In 1998, the National Consortium for Academics and Sports (NCAS) implored its membership to adopt a "zero-tolerance" policy against sexual violence. Consistent with the NCAS mission, the resolution was written to take a leadership position against gender violence on our campuses. But it takes more than words to prevent gender violence from occurring. That's why the NCAS offers the Mentors in Violence Prevention Program (MVP) to its members.
Created at Northeastern University's Center for the Study of Sport in Society, MVP is a gender violence prevention program that is designed to raise awareness, challenge thinking, stimulate leadership and ultimately change the behavior of all men.
The philosophy of MVP is to reposition issues, historically considered "women's issues," as "men's issues," thereby involving both men and women in efforts to confront men's violence against women.
Gender violence affects everyone. All men have women in their lives that they care about --
mothers, grandmothers, sisters and daughters.
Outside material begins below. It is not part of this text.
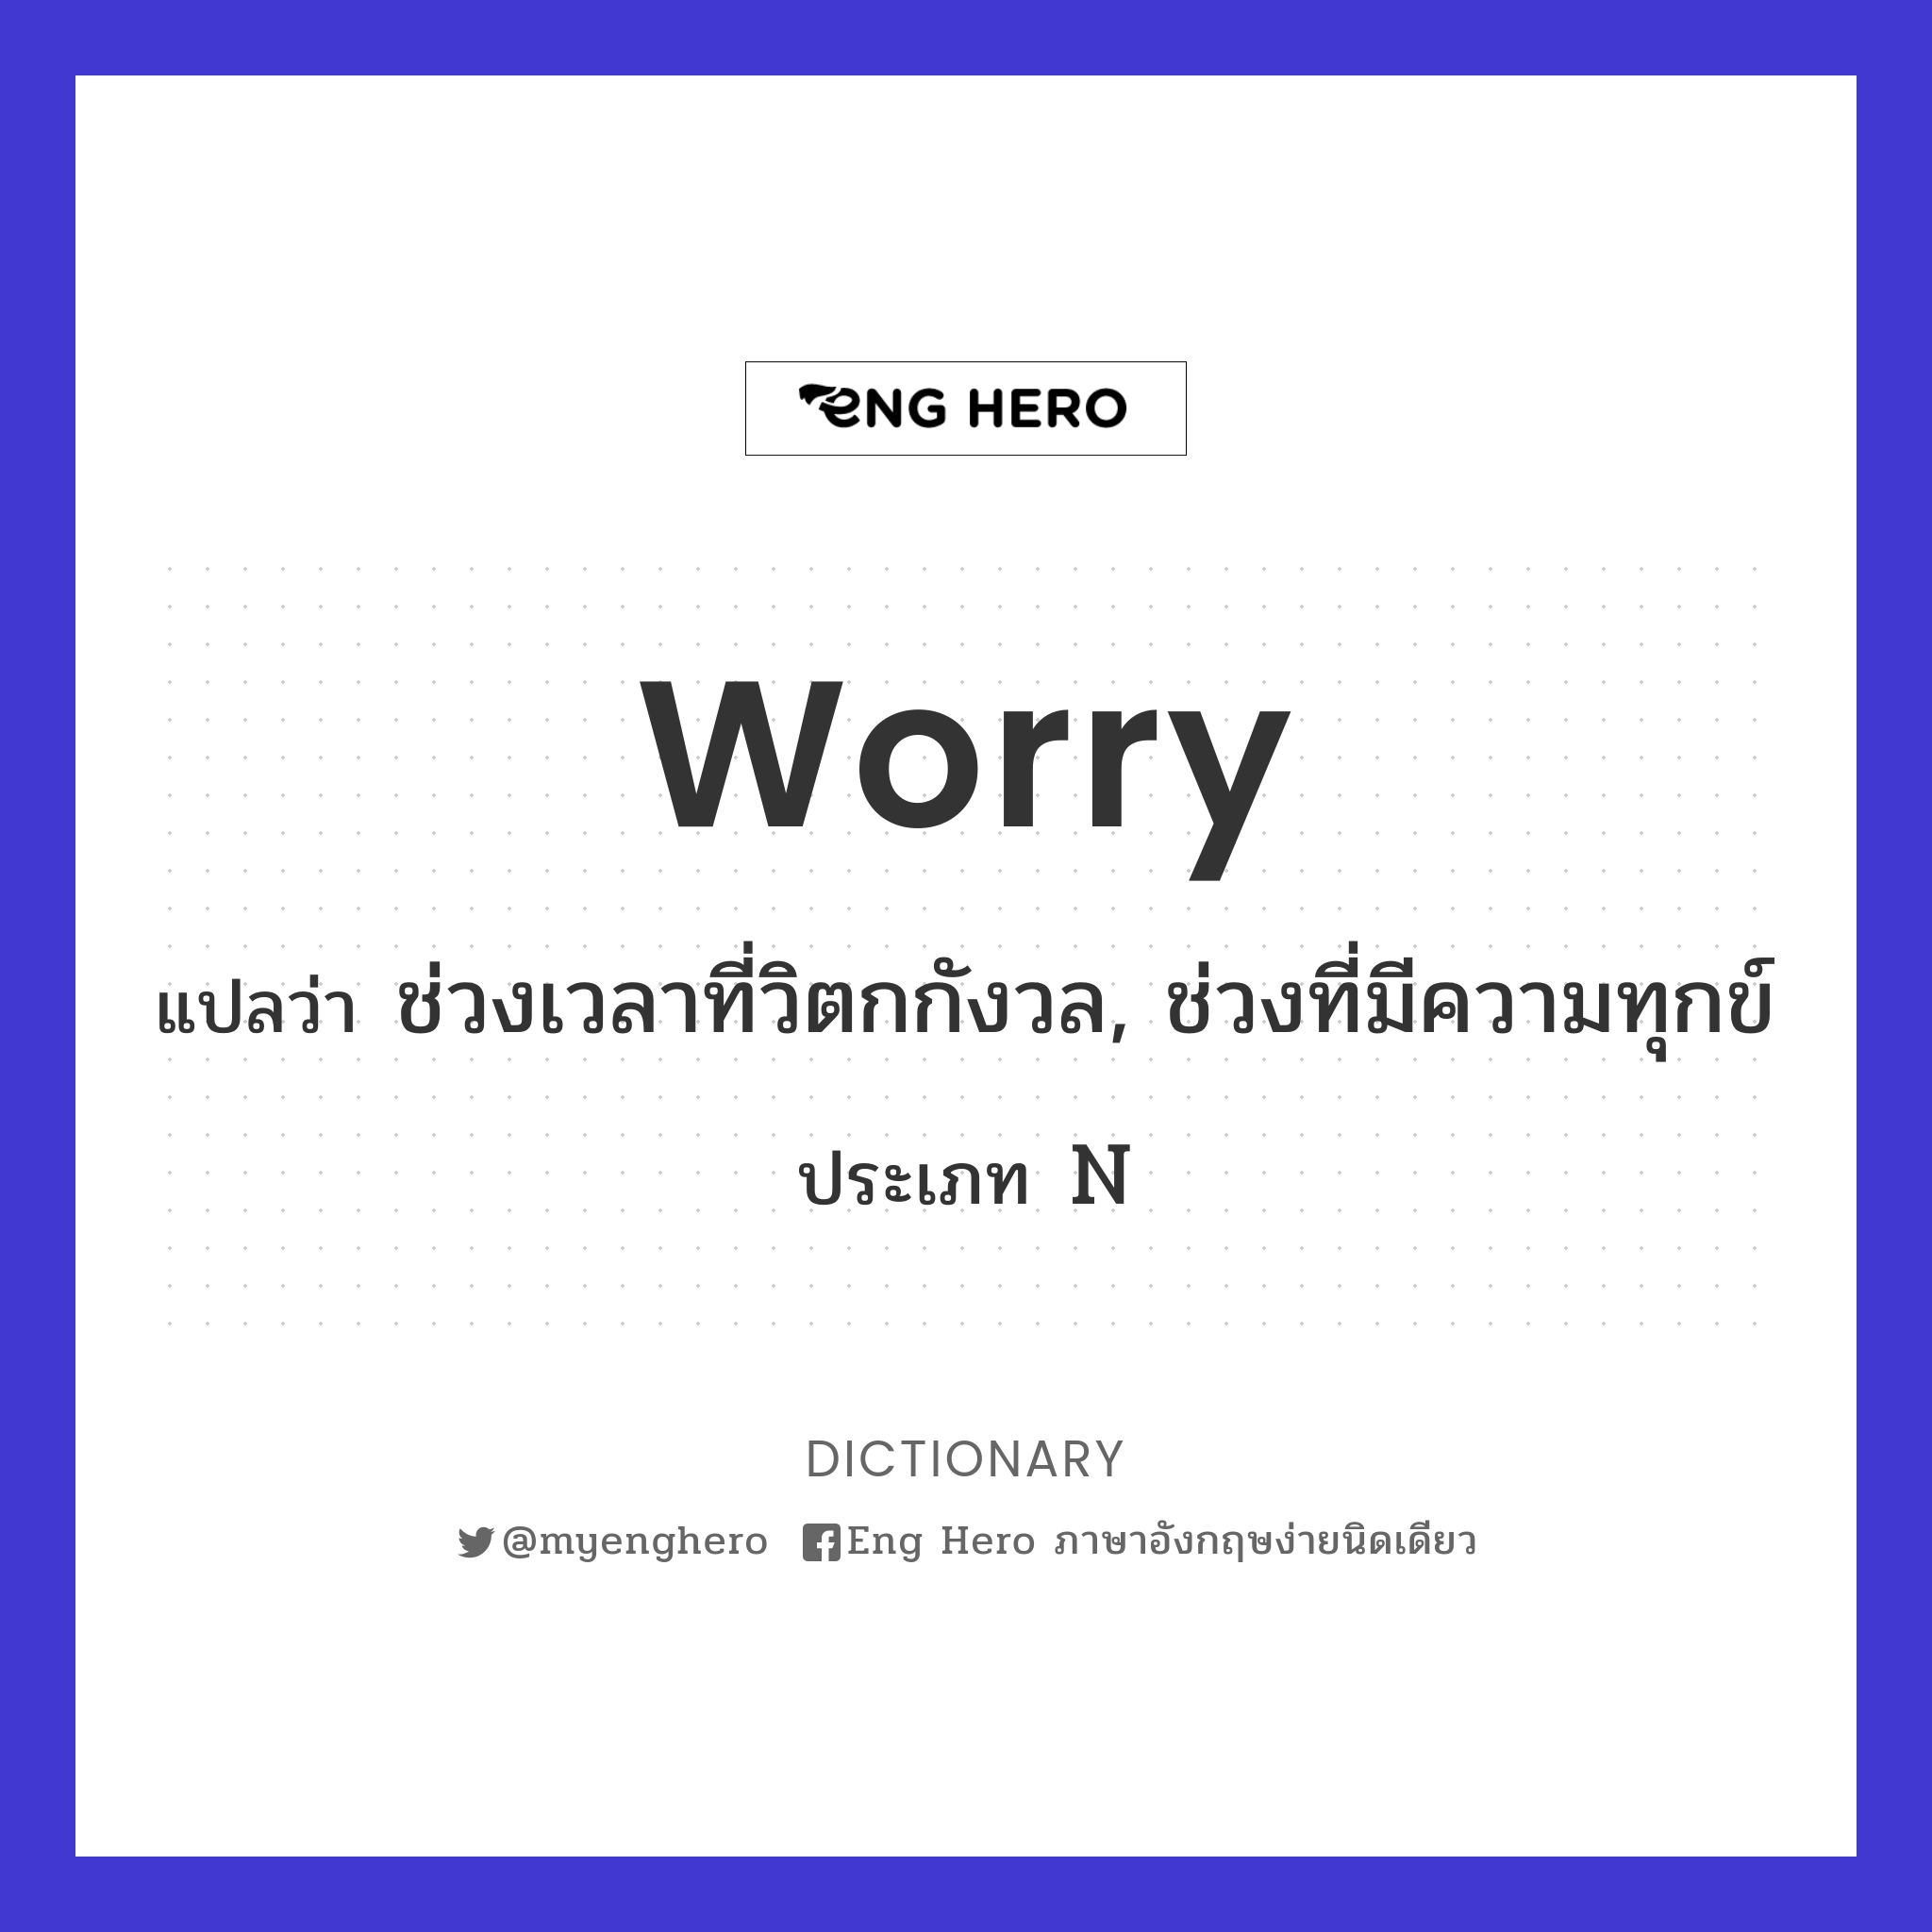 worry
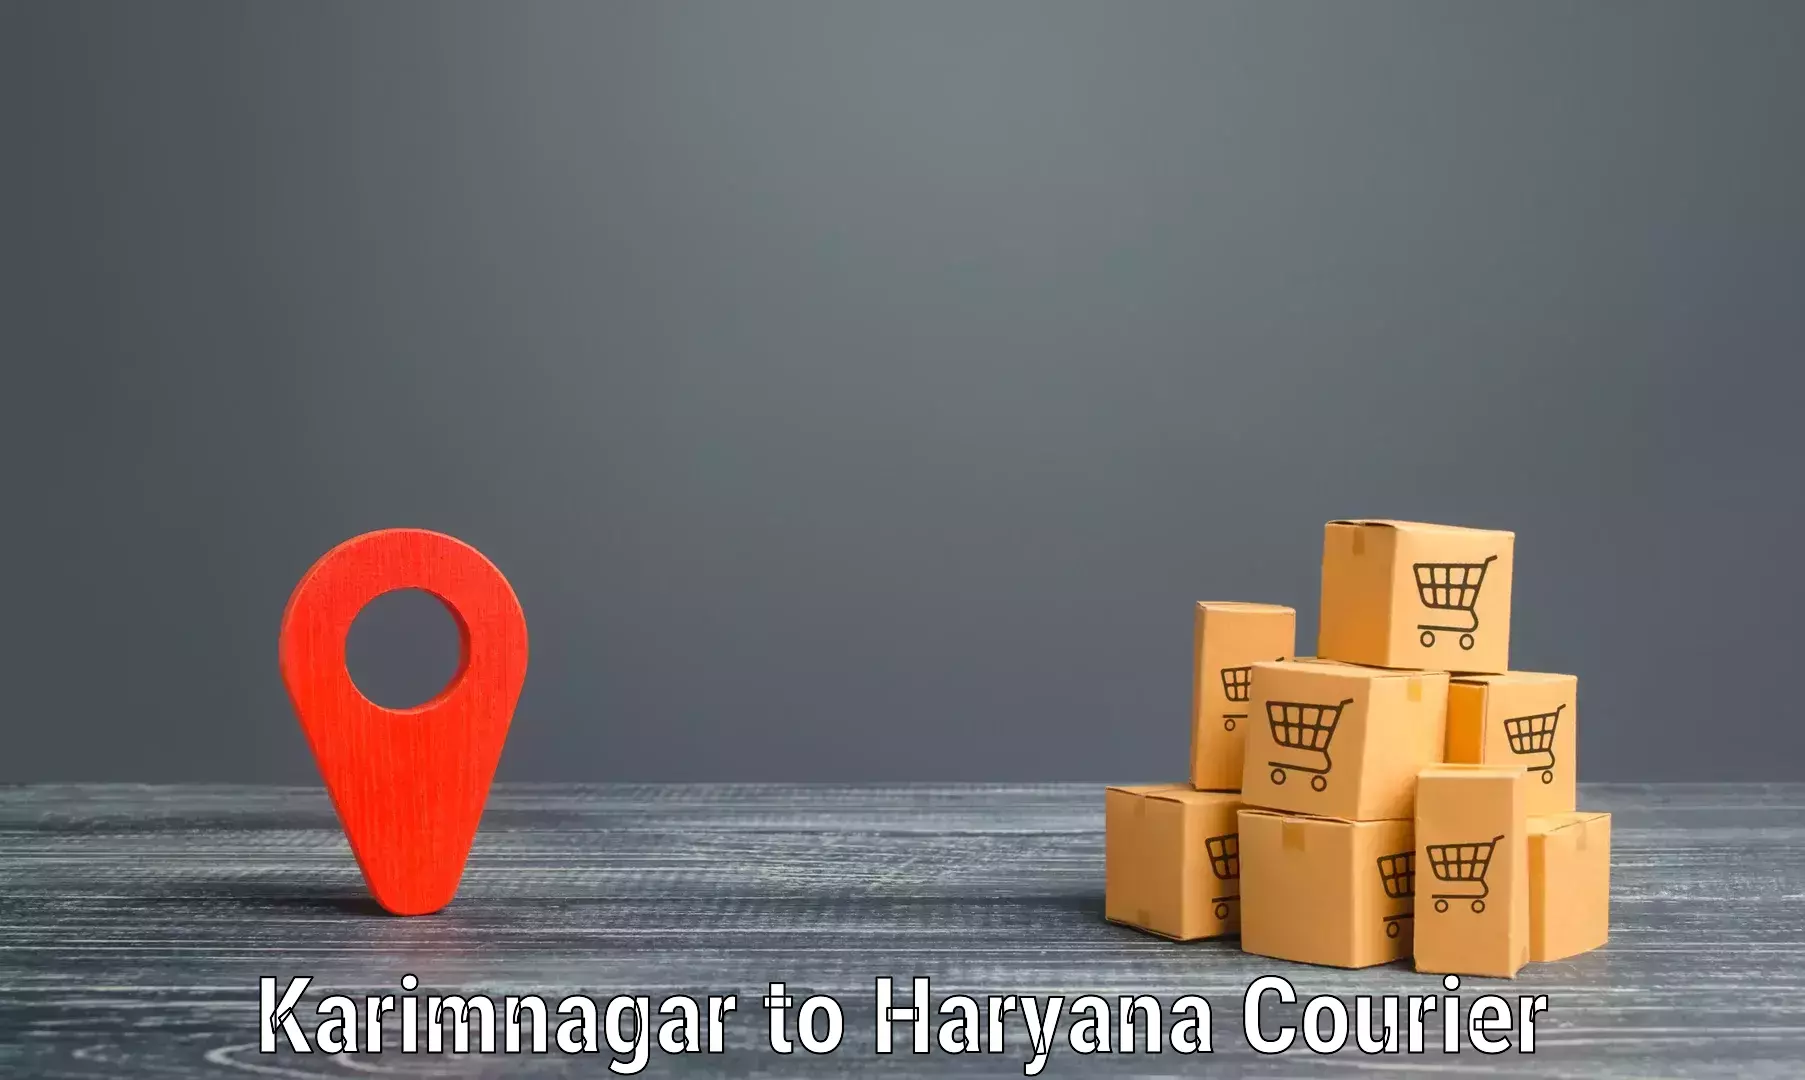 Global freight services Karimnagar to Haryana

The violence that affects them impacts men's lives as well. More than 90 percent of the violence committed against women is done by men. Therefore, for that violence to end, men must be involved in the prevention efforts.
The approach of MVP is not to address male athletes as the problem but rather to enlist them as potential contributors to the solution. By examining bystander behavior, MVP enables student-athletes to discuss behavior in a nonaccusatory environment. In fact, both male and female sessions involve discussion from bystander perspectives, not assuming males as perpetrators or females as victims. Both male and females engage in dialogue that teaches and promotes confronting potentially violent and abusive situations before they occur.
Today more than ever, student-athletes are faced with many challenges and decisions. As a student-athlete, I faced many similar dilemmas and decisions similar to those confronting today's student-athlete. In every workshop I conduct, I hear my own thoughts in the voices of student-athletes as they consider relationships, sexual behavior and even the law. Innocently, they ponder, "How do you know when no means no?" And sometimes the tone is arrogant. But the important point is that the question is being asked.
In the end, student-athletes learn that a comment like "you throw like a girl" tells boys to be tough, hard and insensitive while stating implicitly that girls are "less than" boys. This paradigm certainly will lead boys to disrespect and ultimately abuse girls. Derogatory language that is widely used also is examined as another way in which women are depicted as "less than" men.
Student-athletes learn to recognize the attitudes and behavior that lead to gender violence. MVP workshops use the MVP PlayBook, which helps the discussion of ways to prevent violent acts before they occur. That is the ultimate goal of MVP -- to prevent that phone call regarding an act of gender violence. MVP helps student-athletes recognize the factors that lead to gender violence while making them realize that they have a voice in its prevention.
Since its inception in 1993, MVP has conducted workshops on more than 70 college campuses nationwide. It has been used as a component of the NBA's rookie transition program and has even been introduced to the United States Marine Corps.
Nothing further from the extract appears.